_TRY IT_
Each line of the data below goes into the copy exactly; pictures do not.

_GIVEN DATA_
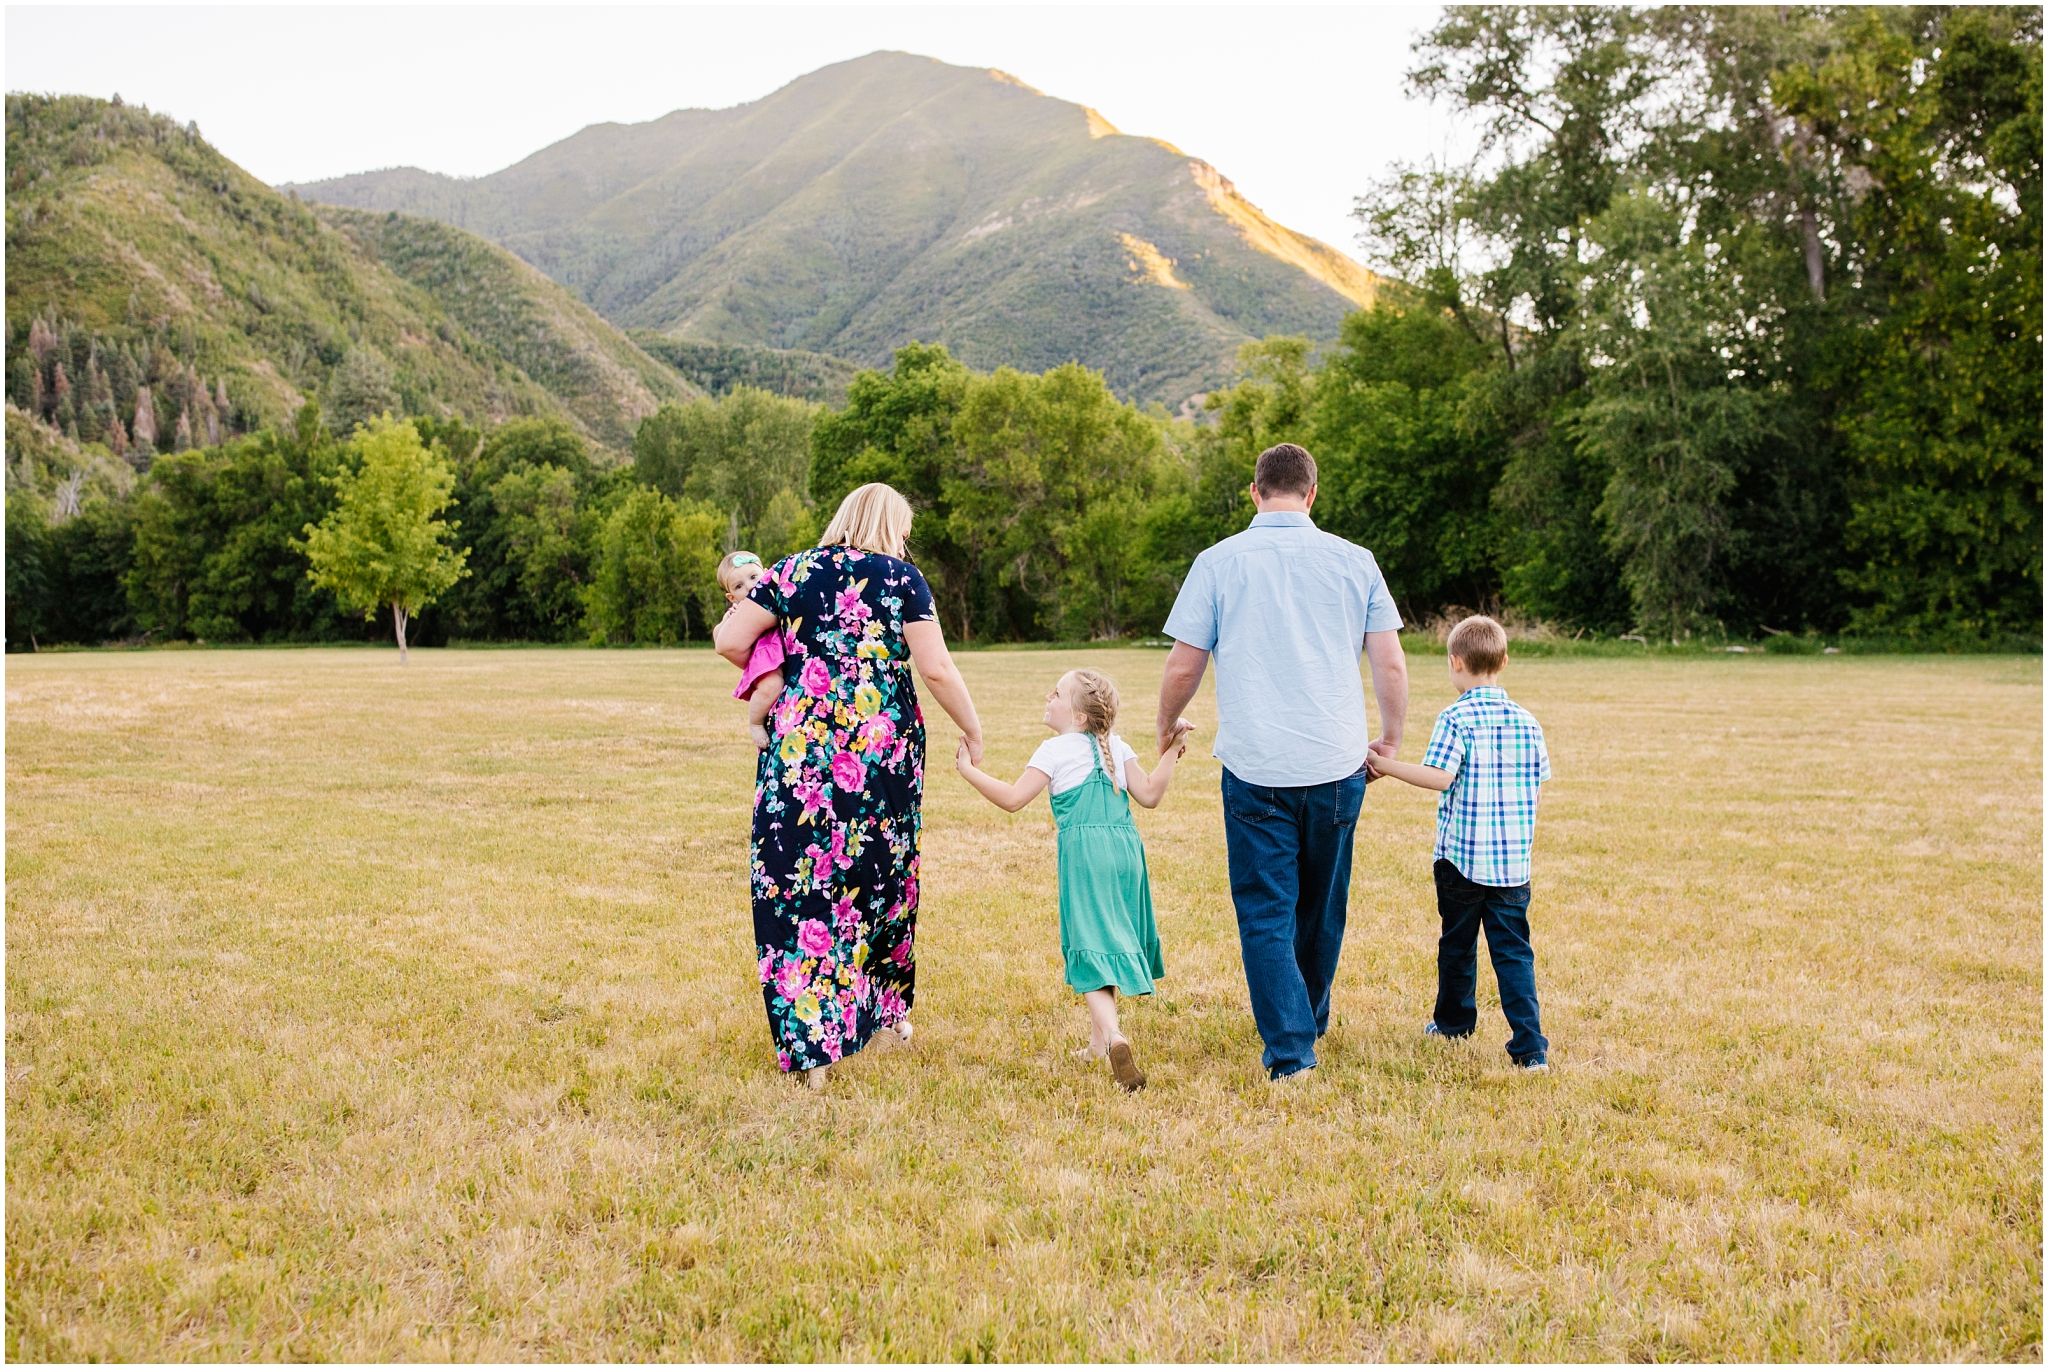 Lizzie-B-Imagery-Utah-Family-Photographer-Utah-County-Photographer-Hobble-Creek-Canyon_0031.jpg
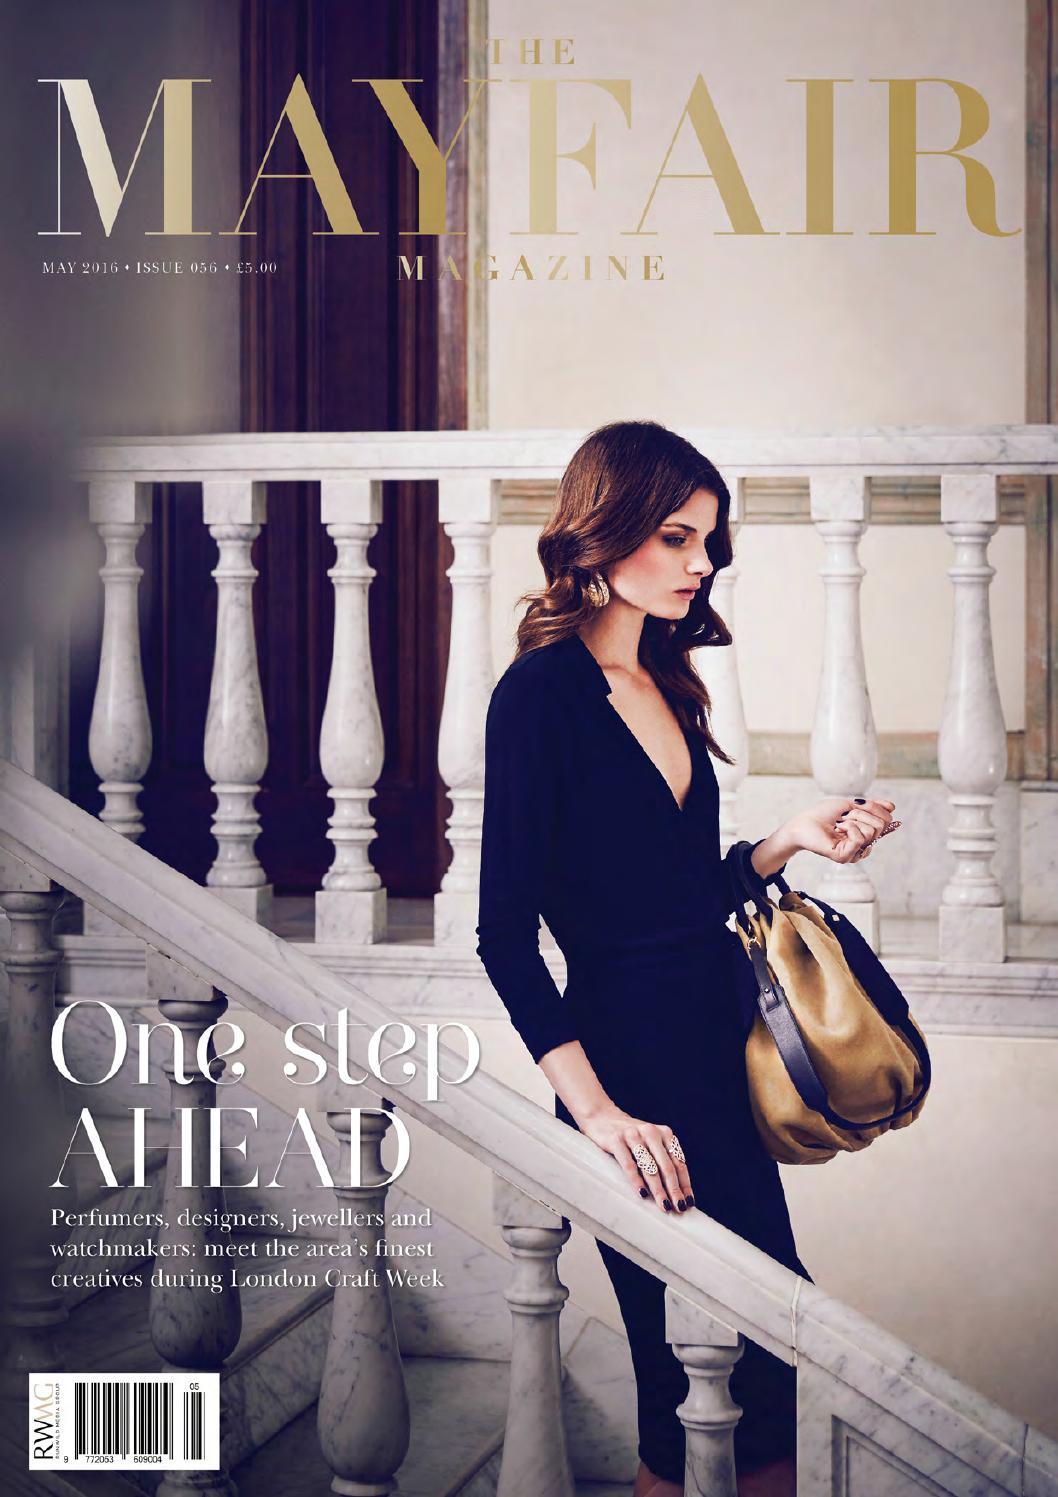 The Mayfair Magazine May 2016 by Runwild Media Group - Issuu
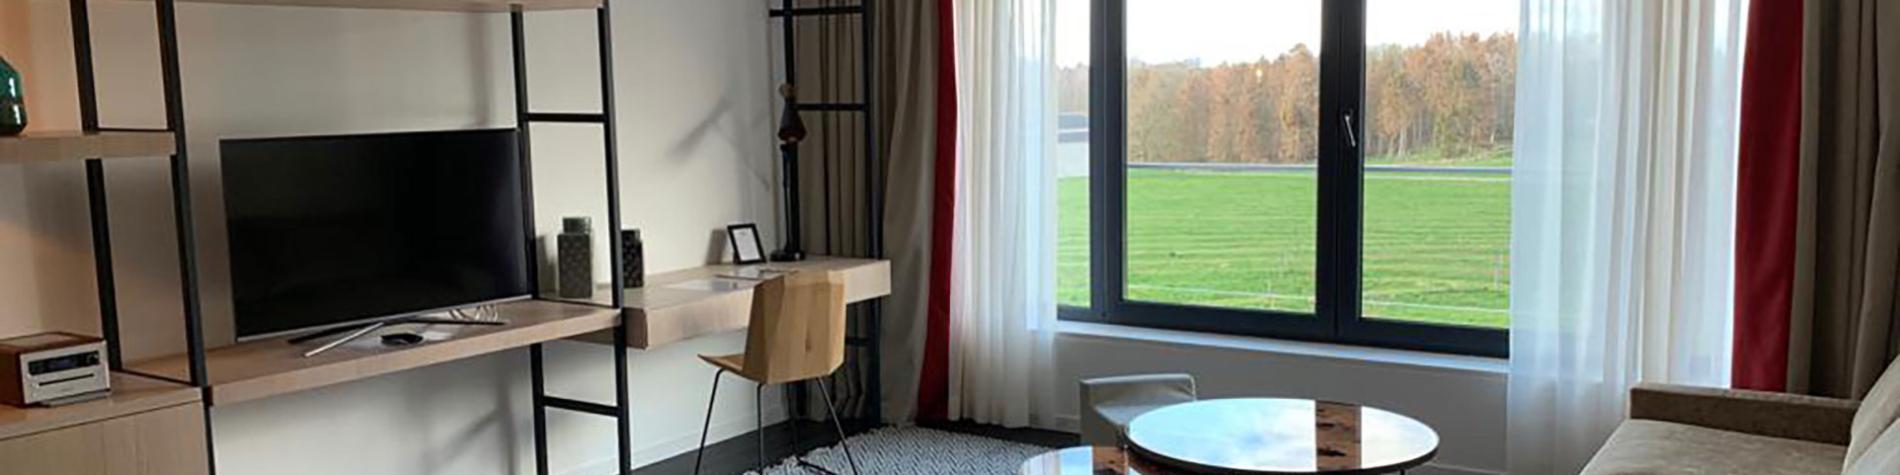 OFF Meeting - centre - séminaire - atypique - Brabant Wallon - Chambre Deluxe
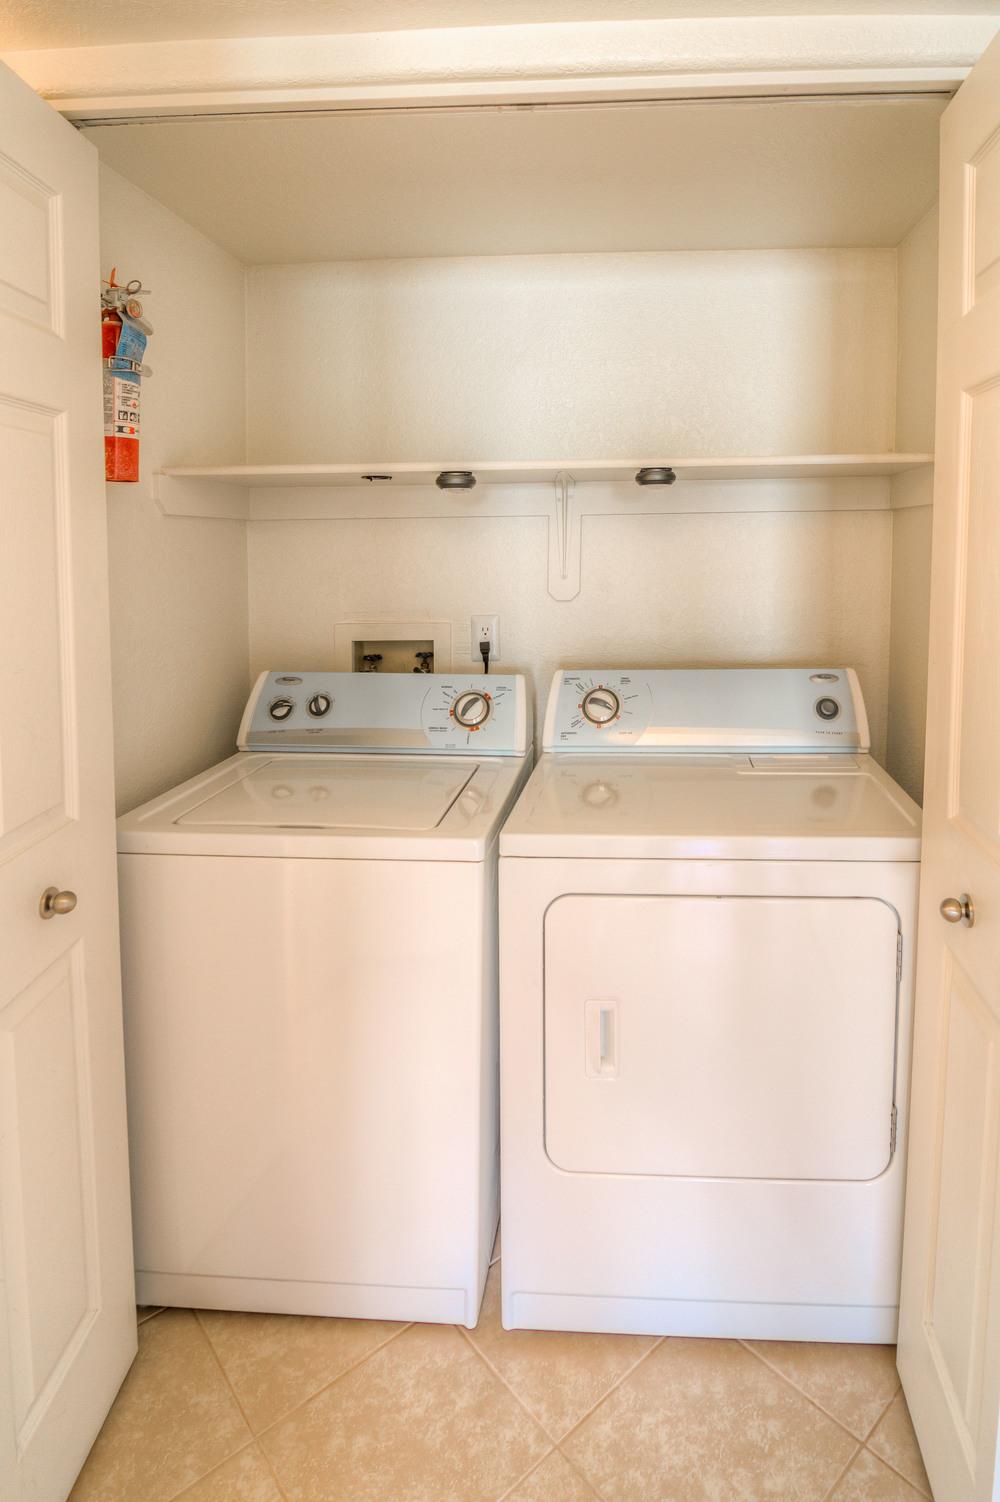 38 Laundry.jpg

_RESPONSE TO THIS TASK_
 Lizzie-B-Imagery-Utah-Family-Photographer-Utah-County-Photographer-Hobble-Creek-Canyon_0031.jpg
 The Mayfair Magazine May 2016 by Runwild Media Group - Issuu
 OFF Meeting - centre - séminaire - atypique - Brabant Wallon - Chambre Deluxe
 38 Laundry.jpg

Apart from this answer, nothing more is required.